Zehntausende Menschen fliehen aus Teheran, Revolutionsführer Ali Khamenei muss sich in Schutzräumen verstecken, weil Israel nach Belieben militärische und wirtschaftliche Ziele bombardieren kann und die USA bereiten sich begleitet von lauten Drohungen des Präsidenten für eine allfällige Beteiligung an den Angriffen vor: Nach fast einer Woche Krieg ist ungewiss, ob die Islamische Republik den Konflikt überleben wird. Gegner der Mullahs im In- und Ausland träumen daher bereits vom Regimewechsel und einer pro-westlichen Demokratie in Teheran. Für den Fall eines Sturzes der Theokratie ist jedoch eine Militärdiktatur deutlich wahrscheinlicher.
Appell an Patriotismus
Wie bei den Massendemonstrationen gegen das Regime in den vergangenen Jahren drosselt die iranische Regierung das Internet und appelliert außerdem an den Patriotismus von Millionen Iranern. In der Bevölkerung ist die Erinnerung an den Putsch des US-Geheimdienstes CIA gegen den demokratisch gewählten Ministerpräsidenten Mohammad Mossadegh im Jahr 1953 noch wach.
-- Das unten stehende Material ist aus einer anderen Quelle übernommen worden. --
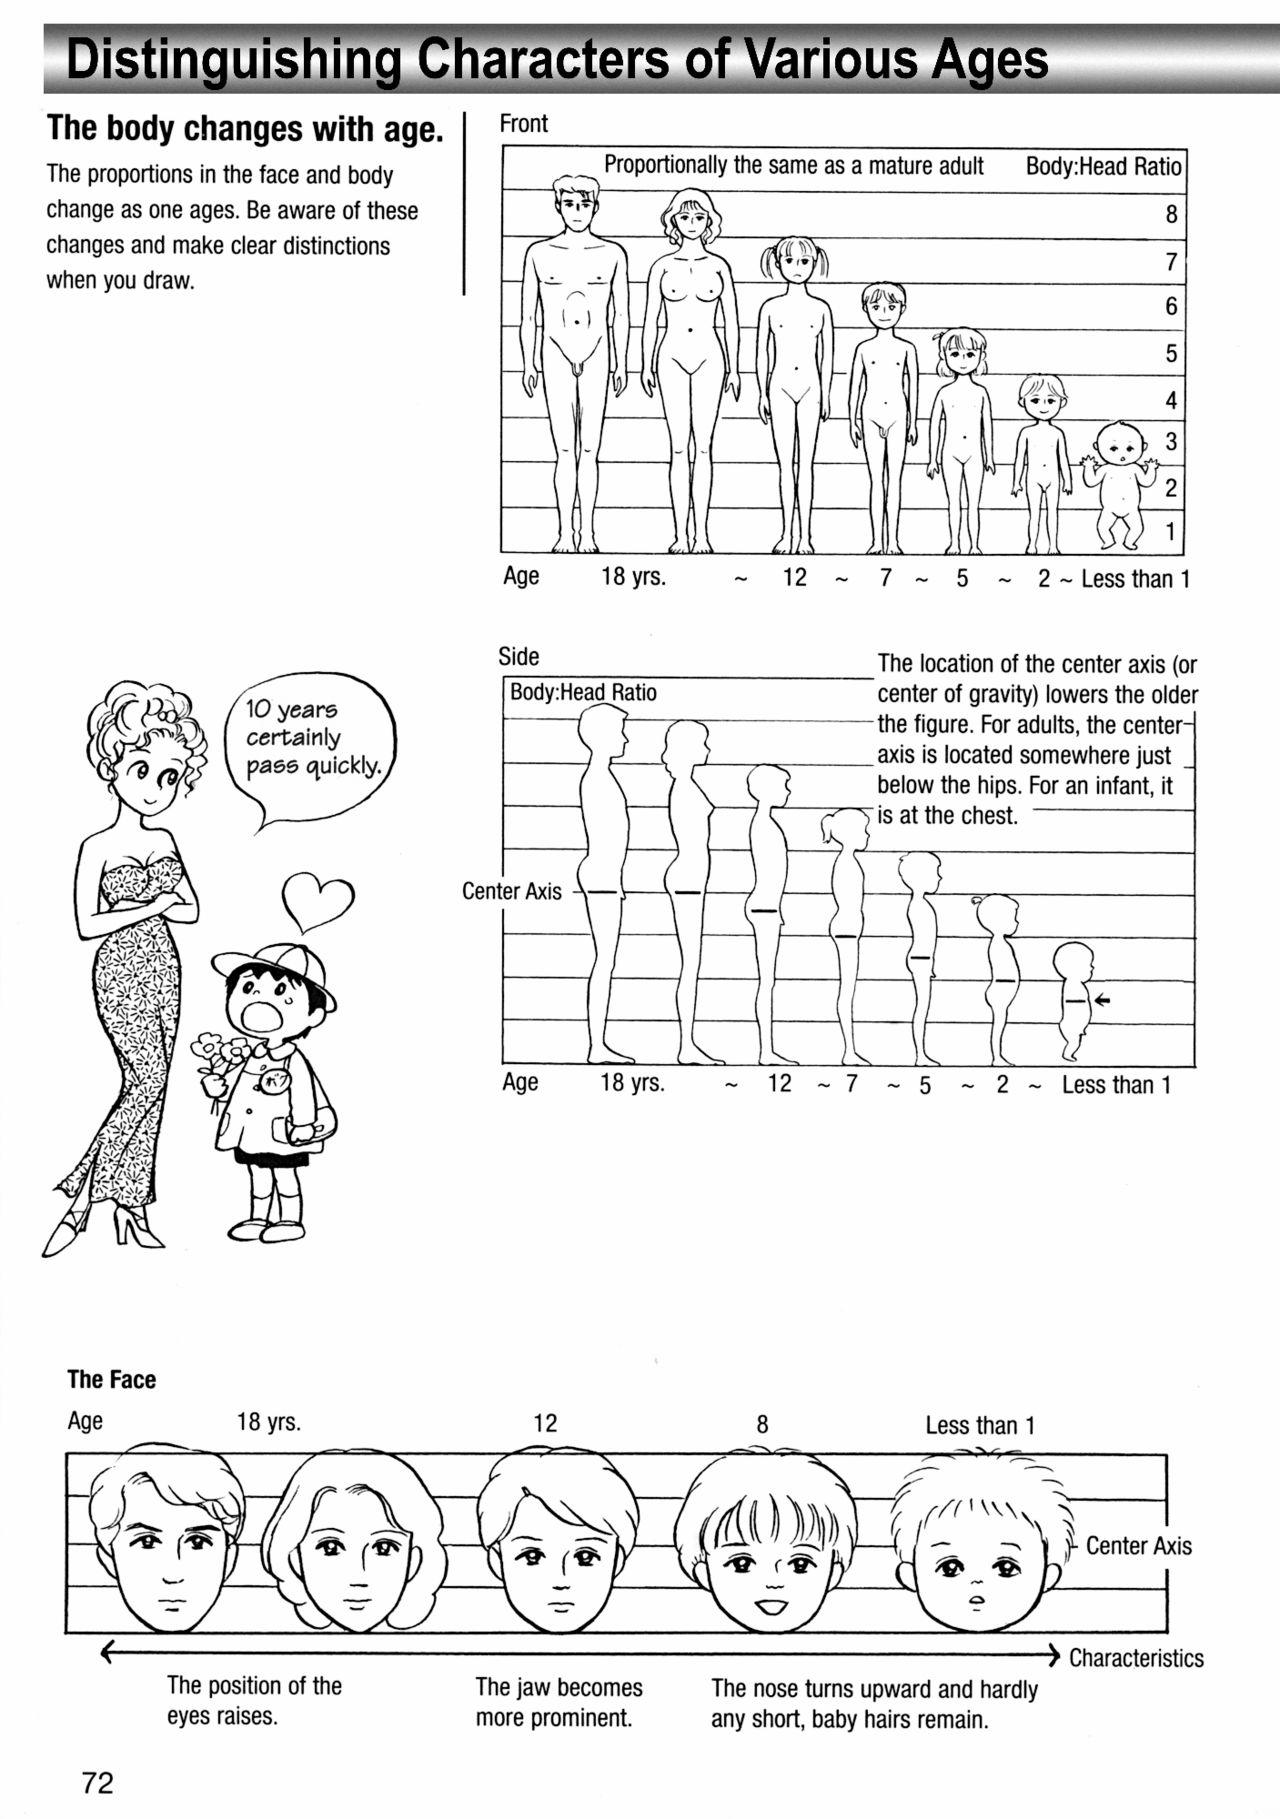 How to Draw Manga Vol. 8 - Super Basics by Angel Matsumoto 76

Viele Iraner sehen Israels Luftschläge nicht als willkommene Bestrafung für ein unbeliebtes Regime, sondern als Angriff auf ihr Land. Prominente Oppositionelle wie Friedensnobelpreisträgerin Narges Mohammadi wollen den Durchhalte-Appellen dennoch nicht folgen. Sie fordern zwar ein Ende der israelischen Angriffe, aber auch einen Rücktritt der Regierung.
US-Präsident Donald Trump und Israels Premier Benjamin Netanjahu denken hingegen laut über einen möglichen Mordanschlag auf Khamenei nach. Die USA und Israel wüssten, wo sich der 86-Jährige versteckt hält, wollten ihn aber zumindest vorläufig nicht umbringen, sagte Trump. Sollte der Revolutionsführer getötet werden, wäre das „keine Eskalation des Konflikts, sondern das Ende des Konflikts“, erklärte Netanjahu.
Trump, Netanjahu und Pahlavi könnten sich zu früh freuen
Auch aus Sicht von Reza Pahlavi, dem Sohn des letzten Schahs, sind die Tage der Islamischen Republik gezählt. Er hoffe, bald aus dem US-Exil in den Iran heimkehren zu können, schrieb Pahlavi, dessen Vater 1979 von den Islamisten gestürzt wurde, auf X.
Trump, Netanjahu und Pahlavi könnten sich zu früh freuen. Noch gibt es keinen Volksaufstand gegen die Mullahs. Für die Iraner geht es ums nackte Überleben, nicht um Politik: Mehr als 200 Iraner sind von israelischen Luftangriffen getötet worden – niemand demonstriert im Bombenhagel. Auch gibt es keine ausländische Macht, die Bodentruppen in den Iran schicken will oder kann, um das Regime zu stürzen und eine neue Regierung ins Amt zu hieven. Luftangriffe allein dürften in einem Land mit 90 Millionen Menschen und einer Fläche von Deutschland, Frankreich und Spanien zusammen nicht ausreichen. Wenn das Regime den Krieg überlebt, könnte es sich weiter radikalisieren.
Mordanschlag würde Lage ändern
Ein Mordanschlag auf Khamenei würde die Lage ändern, sagt der Iran-Experte Arman Mahmoudian von der Universität Süd-Florida. In dem Fall könnte das Regime in konkurrierende Lager zerfallen und sich auflösen, sagte Mahmoudian zur Kleinen Zeitung. Aus Sicht von Frankreichs Präsident Emmanuel Macron würde dann allerdings Chaos drohen. Er erinnerte an den Bürgerkrieg im Irak nach der US-Invasion von 2003, der hunderttausende Menschen das Leben kostete. Libyen hat seit dem Sturz des Diktators Muammar Gaddafi im Jahr 2011 keine landesweite Regierung mehr.
Selbst wenn die Anarchie vermieden werden könnte, wäre ein Kollaps der Islamischen Republik nicht gleichbedeutend mit dem Beginn von Demokratie. Iran-Experte Mahmoudian hält eine Machtübernahme der Revolutionsgarde oder anderer Gruppen des Militärs für das wahrscheinlichste Szenario. Die Probleme des Westens mit dem Iran könnten dieselben bleiben oder noch wachsen: Ein neues Regime könnte aus den Angriffen den Schluss ziehen, dass zu einer wirksamen Abschreckung künftiger Aggressionen eine Atombombe unverzichtbar ist.